Single by JC Chasez

from the album Schizophrenic
- Released: August 23, 2004
- Genre: Dance-pop; synth-pop;
- Length: 4:07
- Label: Jive
- Songwriters: JC Chasez; Bradley Daymond; Alex Greggs;
- Producer: Riprock 'n' Alex G

JC Chasez singles chronology
| "Some Girls (Dance with Women)" (2003) | "All Day Long I Dream About Sex" (2004) | "Plug It In" (2004) |

= All Day Long I Dream About Sex =

"All Day Long I Dream About Sex" is a song by American singer JC Chasez, who rose to stardom as a member of the 1990s boy band NSYNC. It was released as the second and final single from his debut studio album, Schizophrenic. The uptempo track was a homage to '80s synth-rock pop music. The single was released in Europe and Australia in August 2004, and in the United States in October 2004.

== Background ==
The song was composed after Chasez wanted to recreate a Duran Duran and the Killers type of sound. "'All Day Long I Dream About Sex’ is supposed to be loud, fun & obnoxious. I haven’t heard a great party song like a ‘(You Gotta) Fight for Your Right (To Party!)’ or a ‘We’re Not Gonna Take It’ in so long. Something loud & in your face & good for a laugh!'" Chasez said.

==Music video==
The music video for "All Day Long I Dream About Sex" was directed by Todd Kellstein and produced by Joseph Kahn. The video features footage of JC performing the song alongside a band and dancers spliced with parodies of adult films. A more risqué version was shot for European audiences.

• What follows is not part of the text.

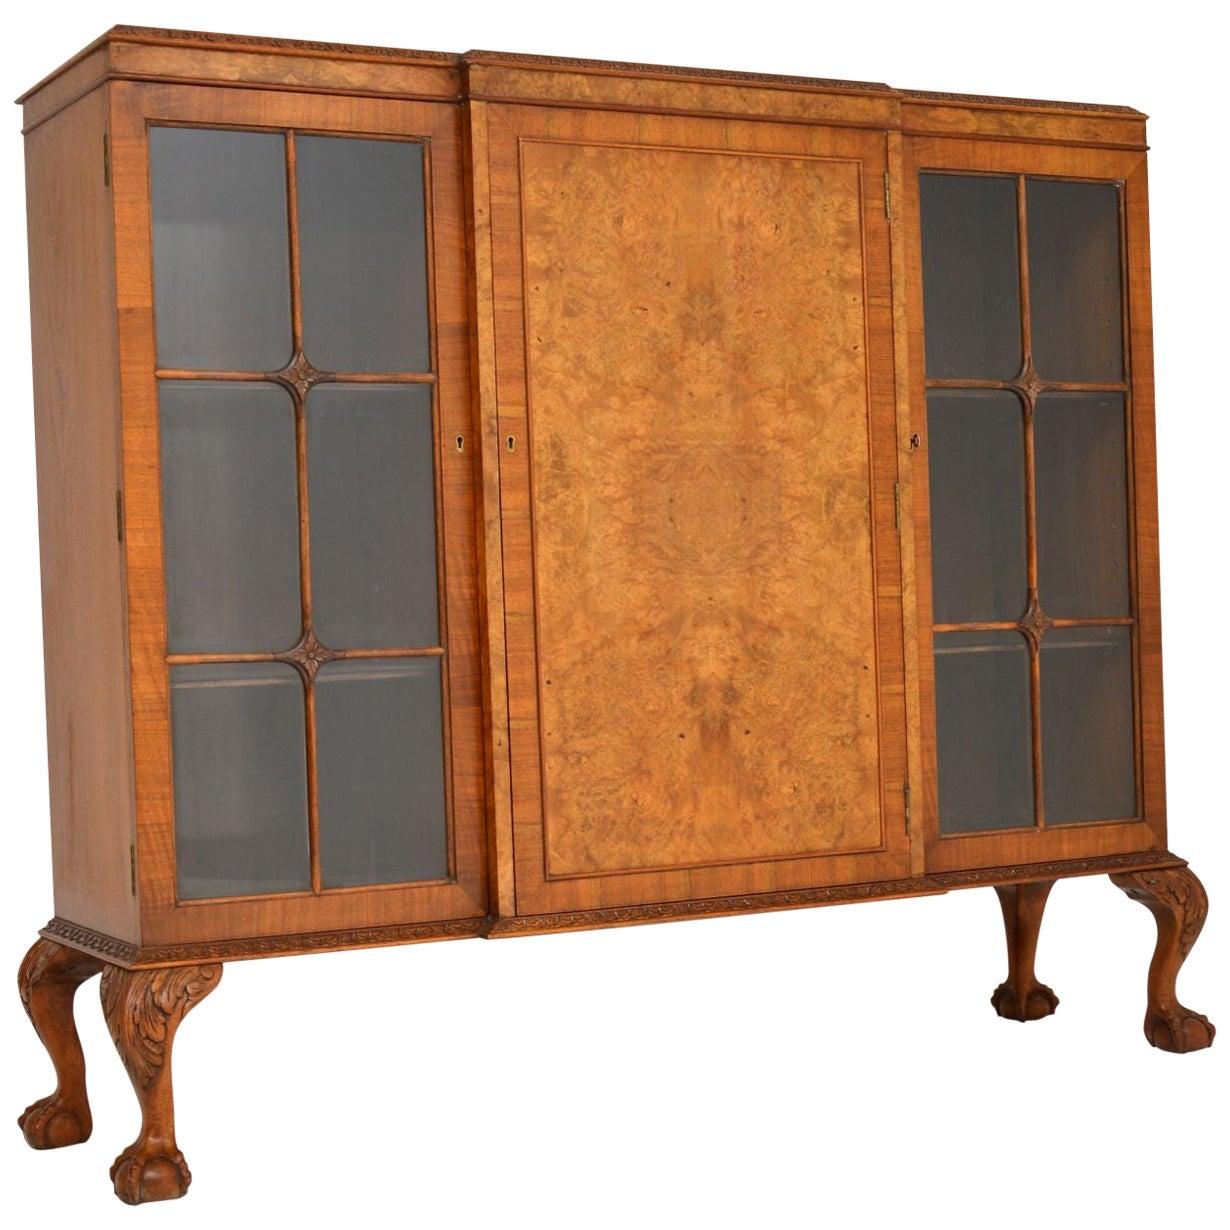 Antique Queen Anne Style Burr Walnut Bookcase

== Release and promotion ==
Radio was reluctant to play the single due to fear of FCC fines relating to the Super Bowl XXXVIII halftime show controversy. In addition, the music video was not aired on MTV. Chasez said: "'MTV doesn’t want to put it in rotation unless it has radio spins, and radio stations aren’t gonna push a song as hard unless you have MTV playing the video. We all know how that works.'”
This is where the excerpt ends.